Weather Has Major Impact On Summer Moviegoing Habits

What are movies if not high-falutin’ weather shelters? When it’s too hot outside to even think, giant robots blowing each other up will always be there for you. And when it’s pouring rain and the kids and you are about to kill each other all cooped up inside, Will Smith will make you feel love again.

Weather experts know this, and Hollywood certainly knows this, but a new study about the effect of weather on moviegoing actually has some surprising results. The new report from Weatherbill tells us that even a tiny amount of rain makes people flock to the movies in droves, but oddly, hot weather actually decreases attendance. For example, the #1 film in a given weekend earns 9% less if it's on an unusually warm weekend rather than a cooler weekend (this belies all that common knowledge that July 4 is a guaranteed juggernaut weekend). Through the entire summer, May through August, box office tends to be lower on unusually warm weekends.

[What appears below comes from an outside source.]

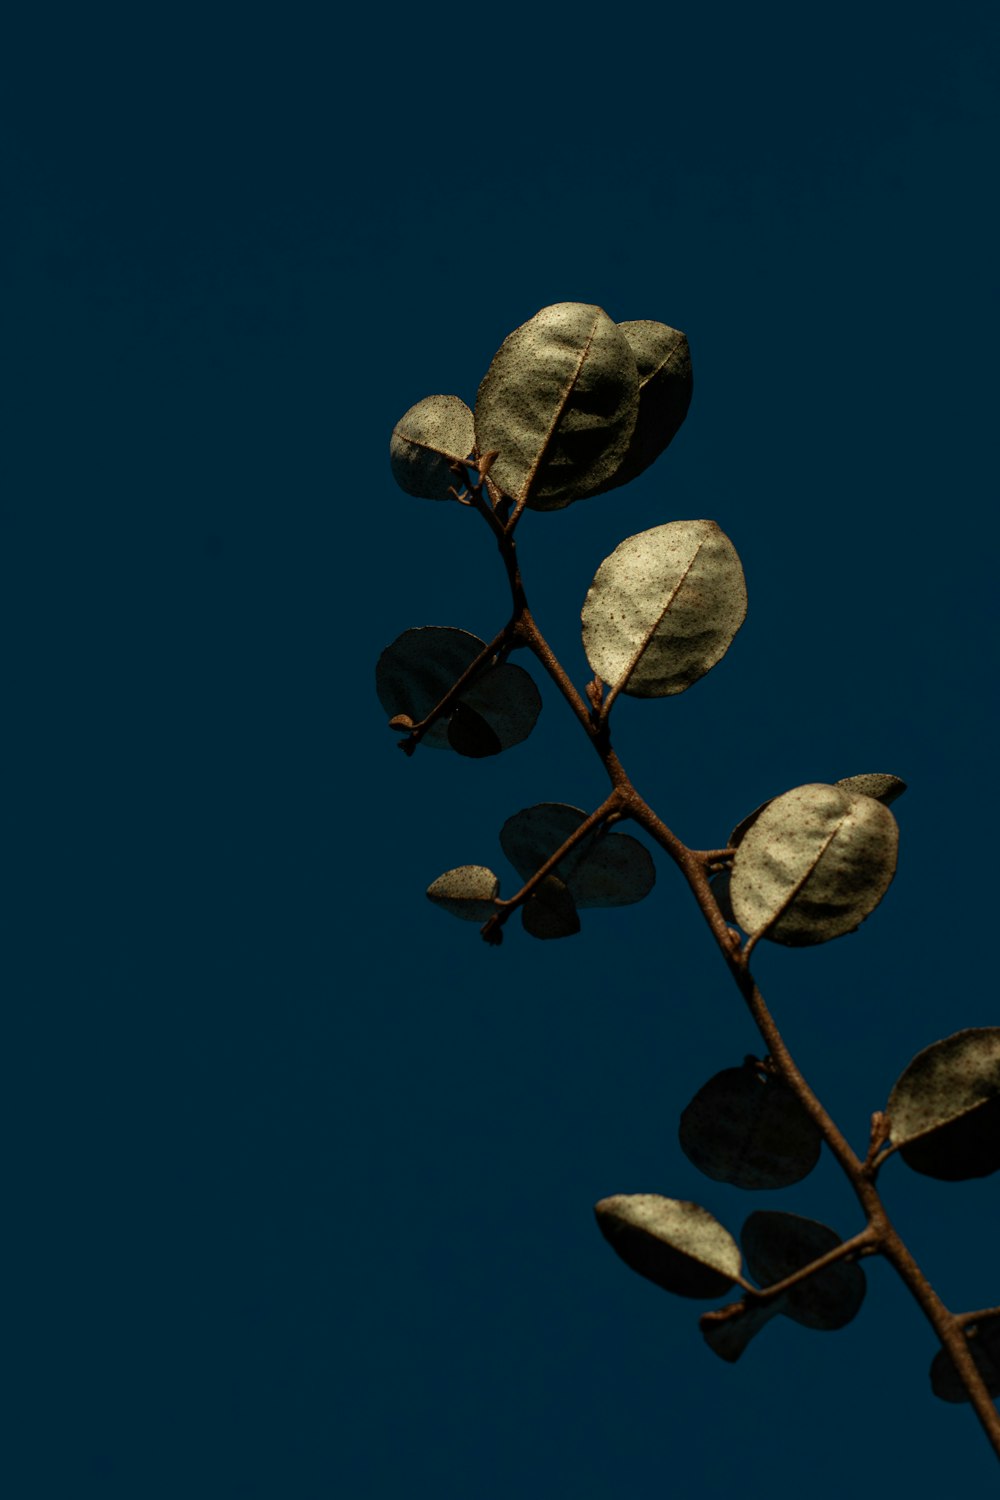 a branch with leaves against a dark blue sky

Of course, this is all research done in the U.K., which gets a lot less hot than it does in the U.S., and a whole lot more rain. Still, it kind of turns around the way you look at the summer moviegoing season, which the study found was most affected by weather. I always figured people ran to the box office during the summer regardless of weather, but were especially likely to go if it was nasty outside. I definitely saw Bewitched entirely because the theater was air-conditioned. But it looks like we love hot weather even more than we love giant explosions. Maybe the movie theater owners really ought to be the ones out there fighting global warming.